Jack Reacher es uno de los personajes literarios más importantes de la actualidad. Este exoficial de la policía militar de Estados Unidos que, después de dejar el ejército, decide comenzar una vida de vagabundo a lo largo de Estados Unidos, no solo ha vendido más de 100 millones de libros en todo el mundo, sino que fue llevado a la pantalla grande con protagonismo de Tom Cruise, así como también inspiró una serie de televisión estrenada en 2022.
Su autor, el británico Lee Child, lleva más de un cuarto de siglo desarrollando la compleja historia de Reacher con casi 30 novelas. Pero no fue hasta la publicación de El asunto que sus fanáticos pudieron conocer los motivos que habían llevado al expolicía militar a abandonar su puesto.
En esta novela, editada por Blatt & Ríos y traducida por el argentino Aldo Giacometti, Child se retrotrae a 1997 (año de publicación del primer libro de la serie, Zona peligrosa) para contar los orígenes de este ya mítico personaje, que muchos consideran el Sherlock Holmes del siglo XXI.

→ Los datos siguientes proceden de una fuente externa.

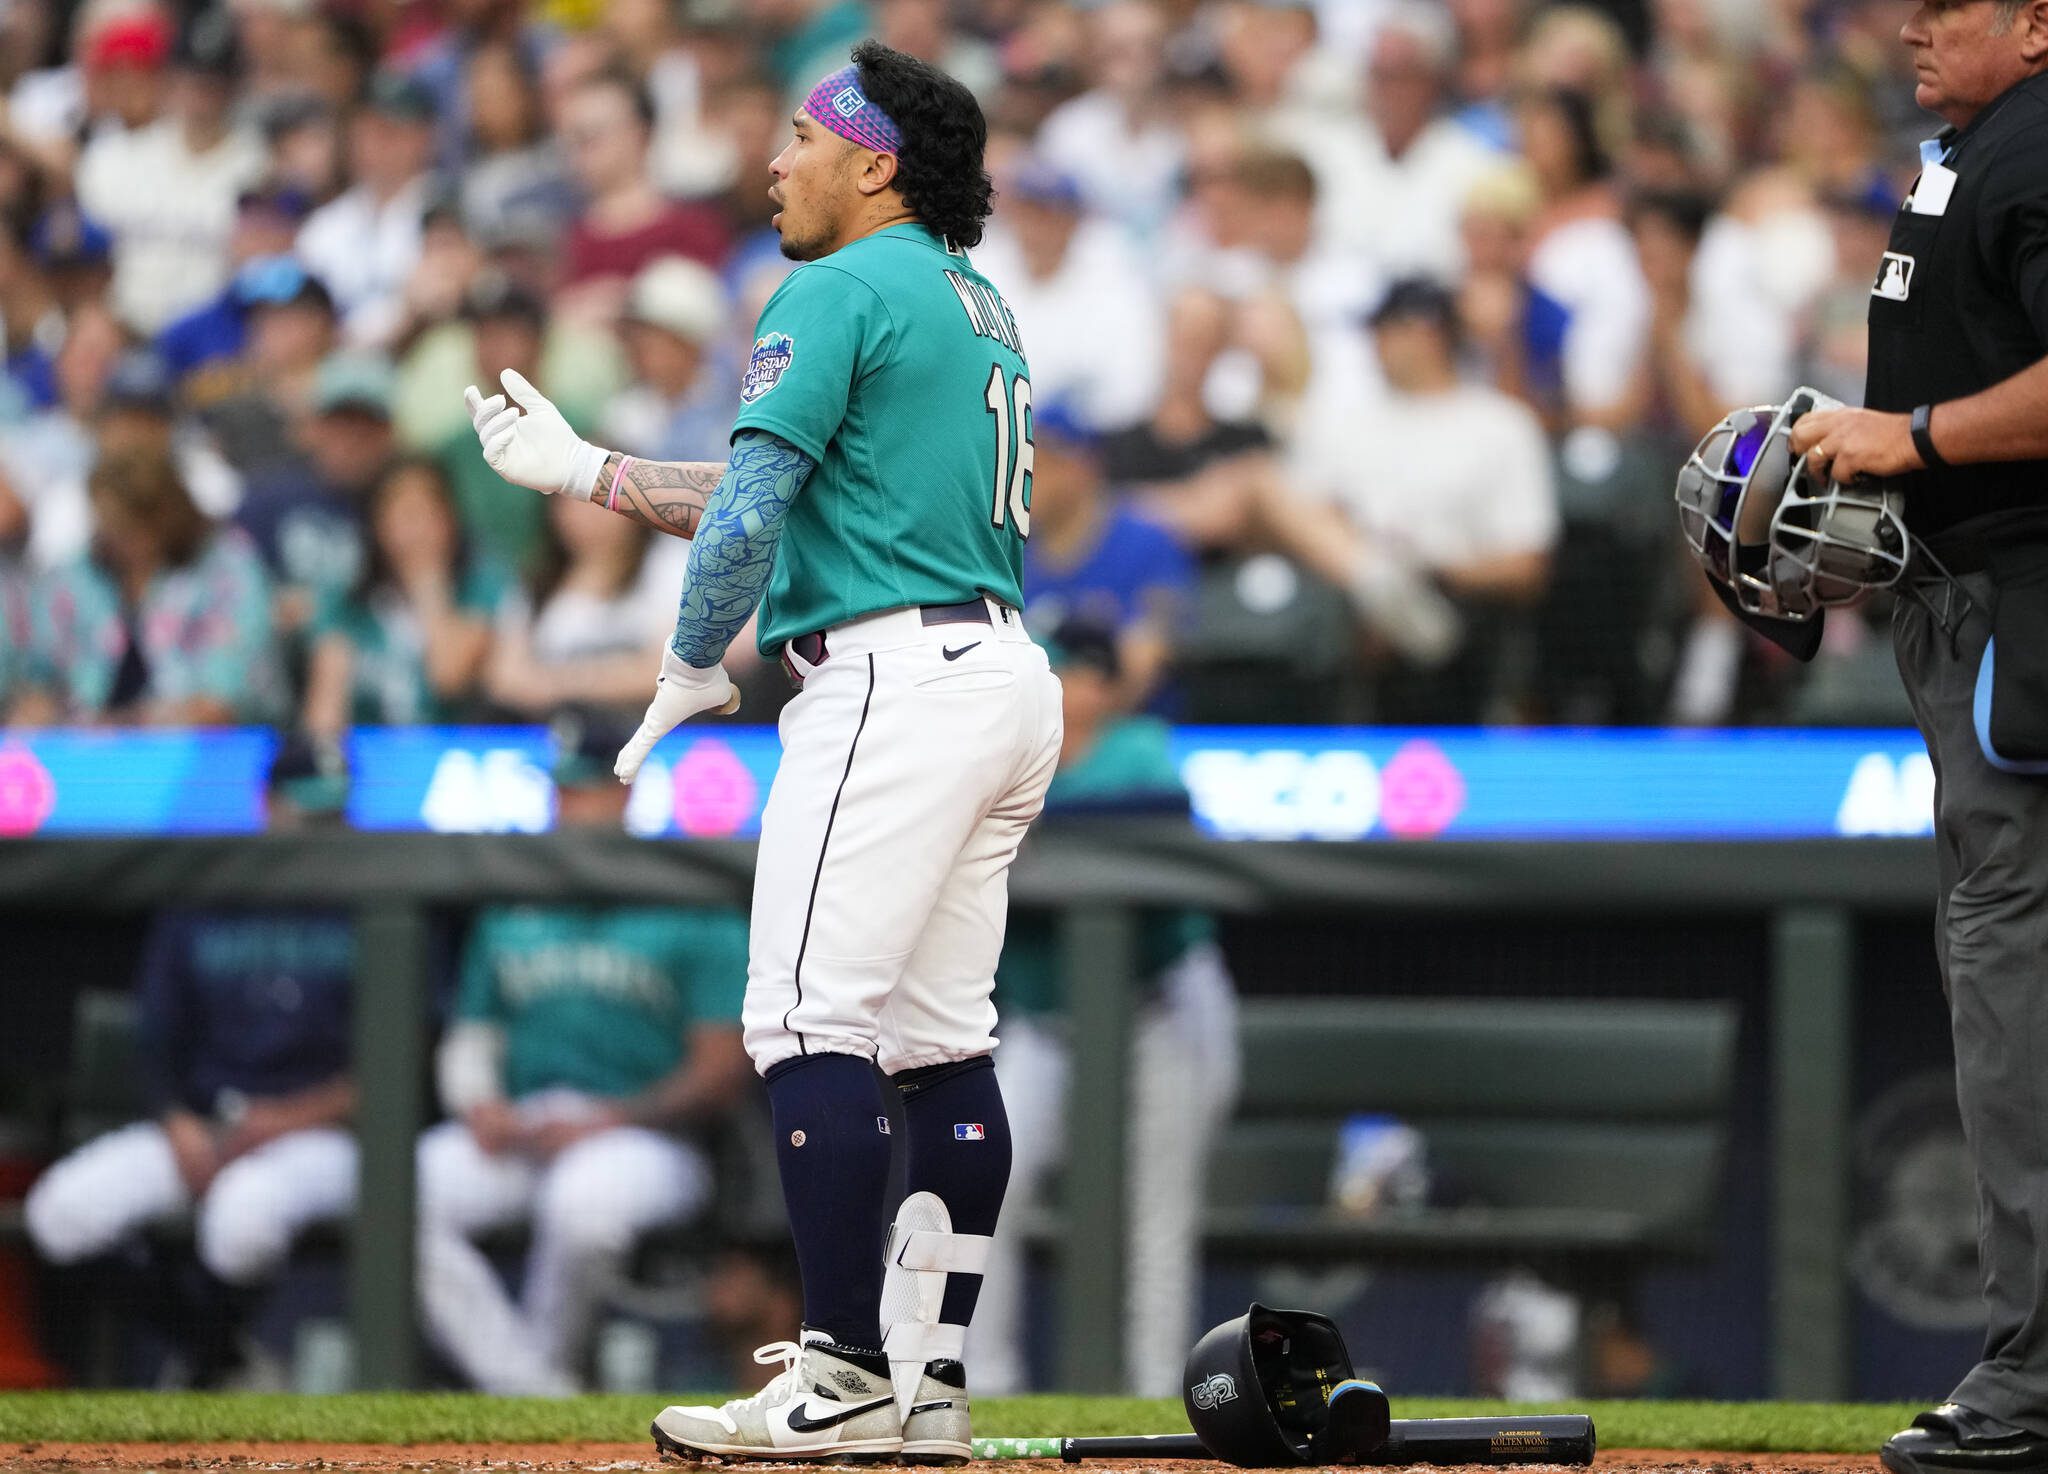 The Mariners’ Kolten Wong removes his batting gear after striking out swinging against the Tigers to end the third inning of a game on July 15 in Seattle. (AP Photo/Lindsey Wasson)

Un asesinato no resuelto que podría estar involucrado con una base militar cercana será el puntapié que destruirá la fe de Reacher en las instituciones para las que trabaja y que terminará por cambiar su vida por completo, para dar lugar a una nueva historia cargada de sed de justicia y, por qué no, venganza.
Así empieza “El asunto”
El Pentágono es el edificio de oficinas más grande del mundo, seiscientos mil metros cuadrados, treinta mil personas, más de veintisiete kilómetros de pasillos, pero lo construyeron con tan solo tres puertas a la calle, a través de las cuales se accede en cada caso a un hall peatonal custodiado por guardias de seguridad. Elegí la opción sudeste, la entrada principal, la que está más cerca del metro y de la estación de autobús, porque era la más concurrida y es la que más usan los trabajadores civiles, y yo quería que hubiese muchos trabajadores civiles alrededor, de ser posible una fila larga e incesante de personas, por motivos de seguridad, sobre todo para que no me pudieran disparar apenas me vieran.
Todo el tiempo surgen problemas durante los arrestos, a veces de manera accidental, a veces a propósito, por lo que yo quería que hubiese testigos. Quería miradas independientes enfocadas en mí, al menos en los primeros momentos. Me acuerdo de la fecha, por supuesto. Fue el jueves 11 de marzo de 1997, y fue el último día que entré a ese edificio como empleado legal de quienes lo construyeron. Hace mucho tiempo.
El 11 de marzo de 1997 fue también por casualidad justo cuatro años y medio antes de que cambiara el mundo, en ese otro jueves del futuro, y por eso, como muchas otras cosas de aquellos tiempos, la seguridad en la entrada principal era seria sin ser histérica. No es que yo llamara a la histeria. No desde lejos. Tenía puesto mi uniforme de gala, limpio, planchado, reluciente y pulido, cubierto con el equivalente a trece años de cintas de medallas, distintivos, insignias y distinciones. Tenía treinta y seis años, caminaba recto y erguido, era un mayor de la Policía Militar del Ejército de los Estados Unidos tal como corresponde, en todos y cada uno de los aspectos, salvo por el hecho de que tenía el pelo demasiado largo y hacía cinco días que no me afeitaba.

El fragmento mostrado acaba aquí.